Your answer must be a word-for-word copy of the listing, with all pictures excluded.

*** Opening GIVEN DATA ***

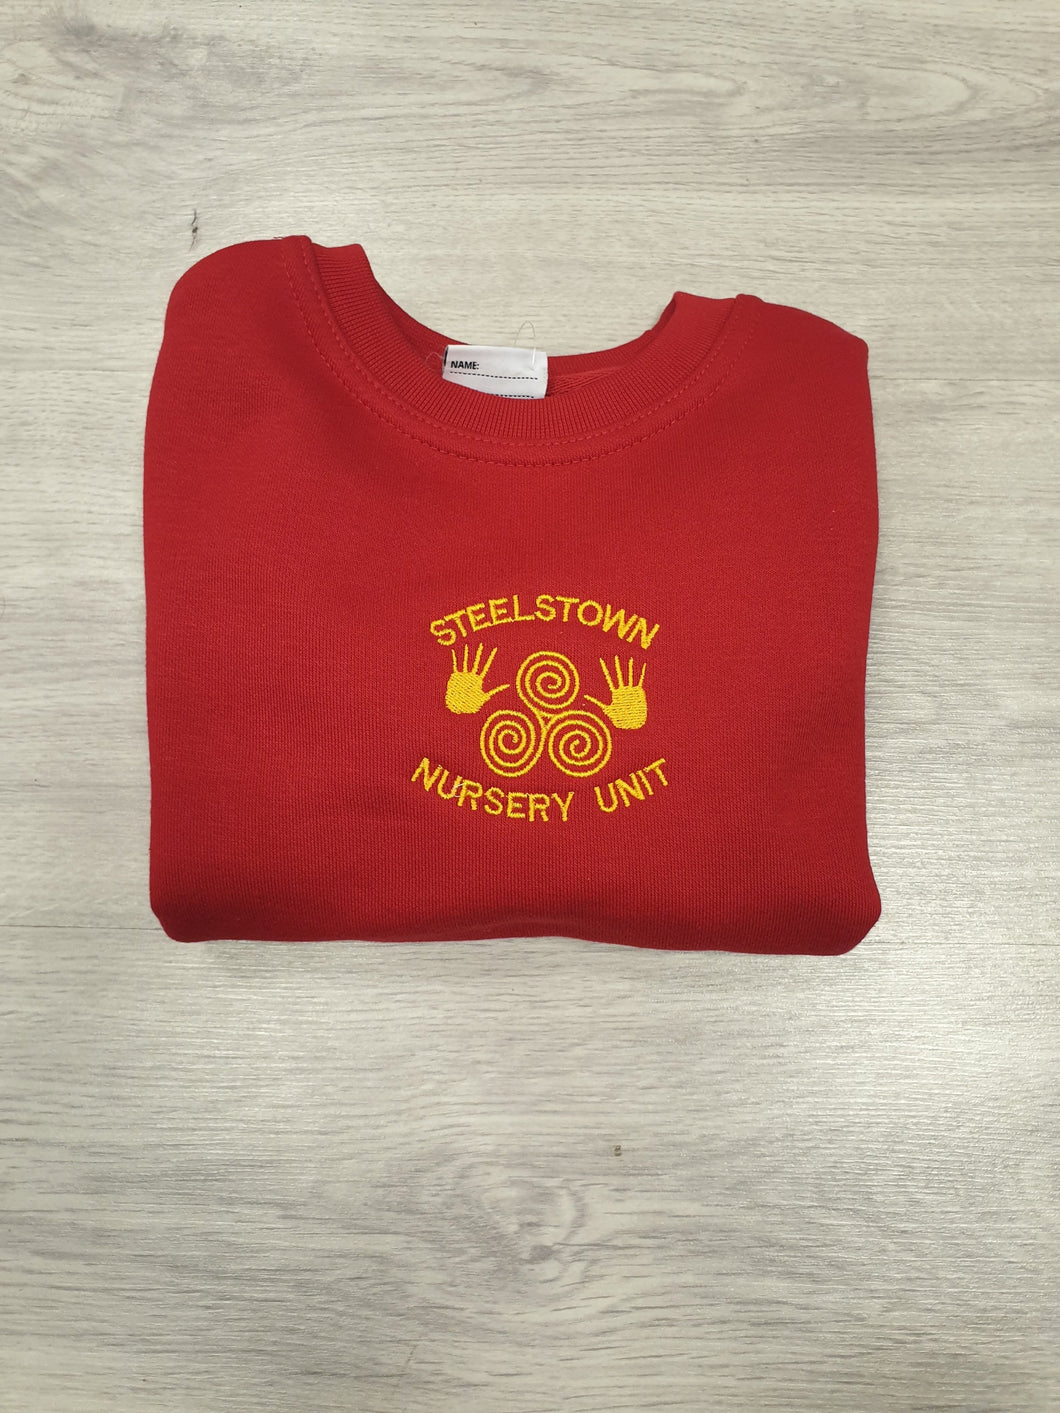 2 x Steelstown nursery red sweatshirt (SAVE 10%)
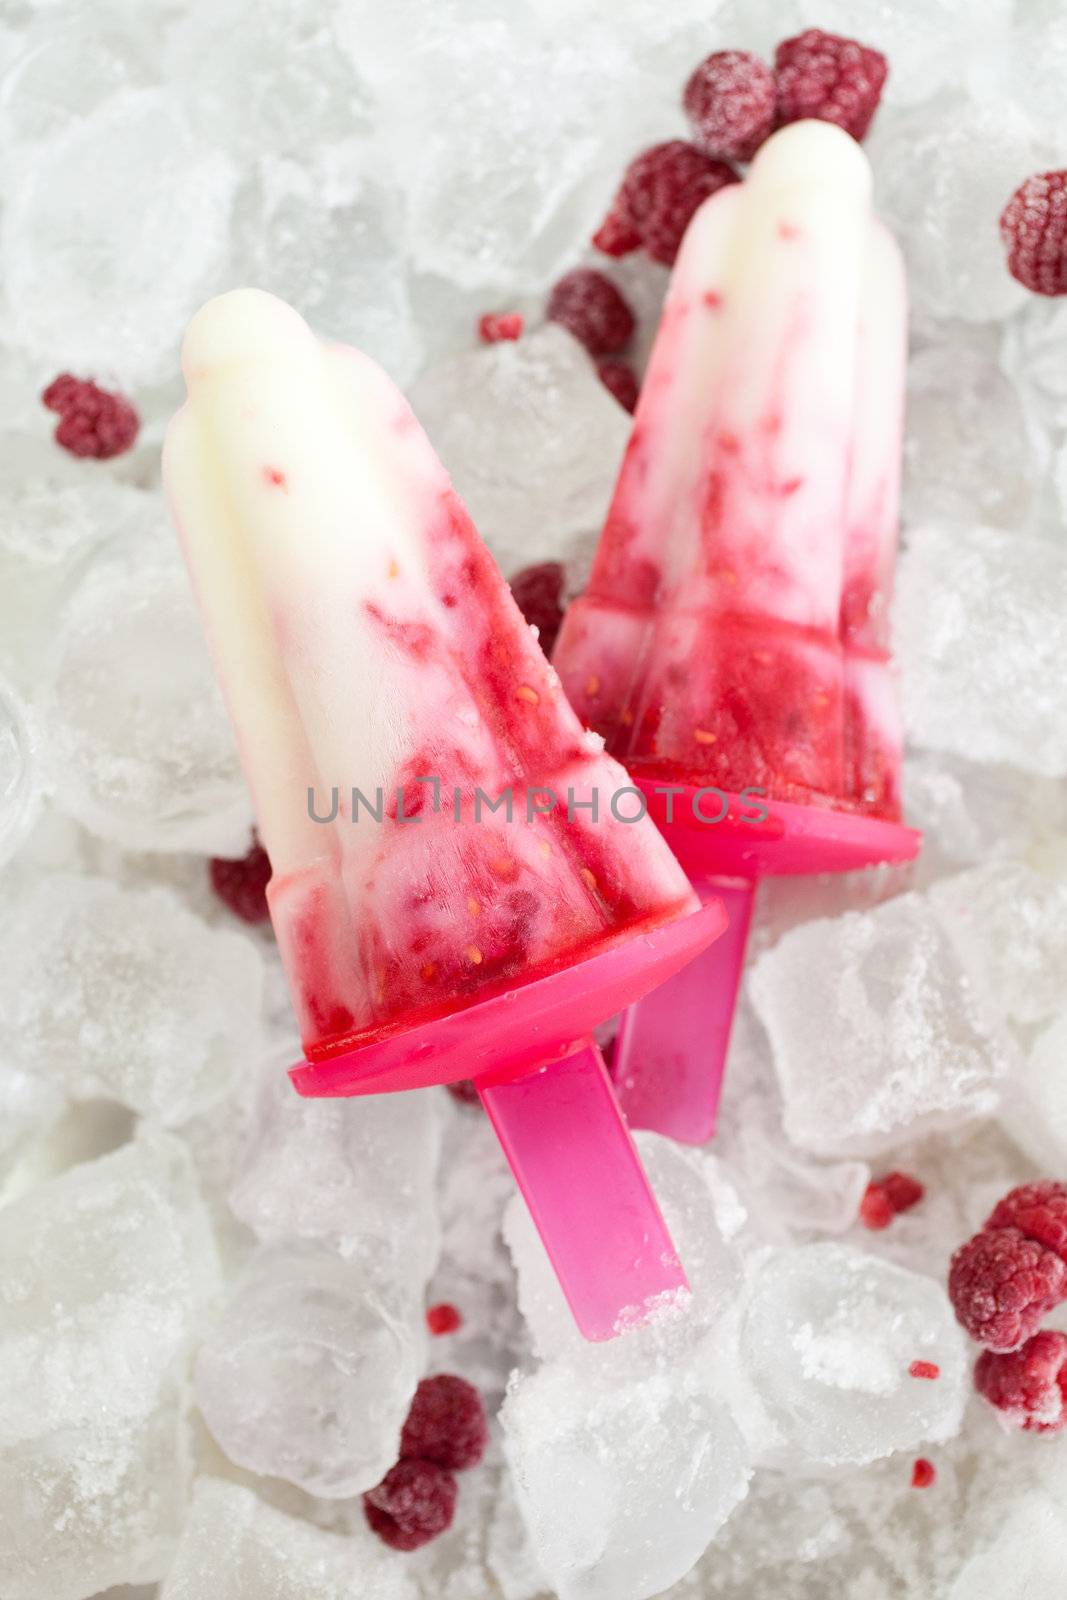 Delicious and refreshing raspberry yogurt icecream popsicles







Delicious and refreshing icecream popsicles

*** Closing GIVEN DATA ***

- REPLY
 2 x Steelstown nursery red sweatshirt (SAVE 10%)
 Delicious and refreshing raspberry yogurt icecream popsicles







Delicious and refreshing icecream popsicles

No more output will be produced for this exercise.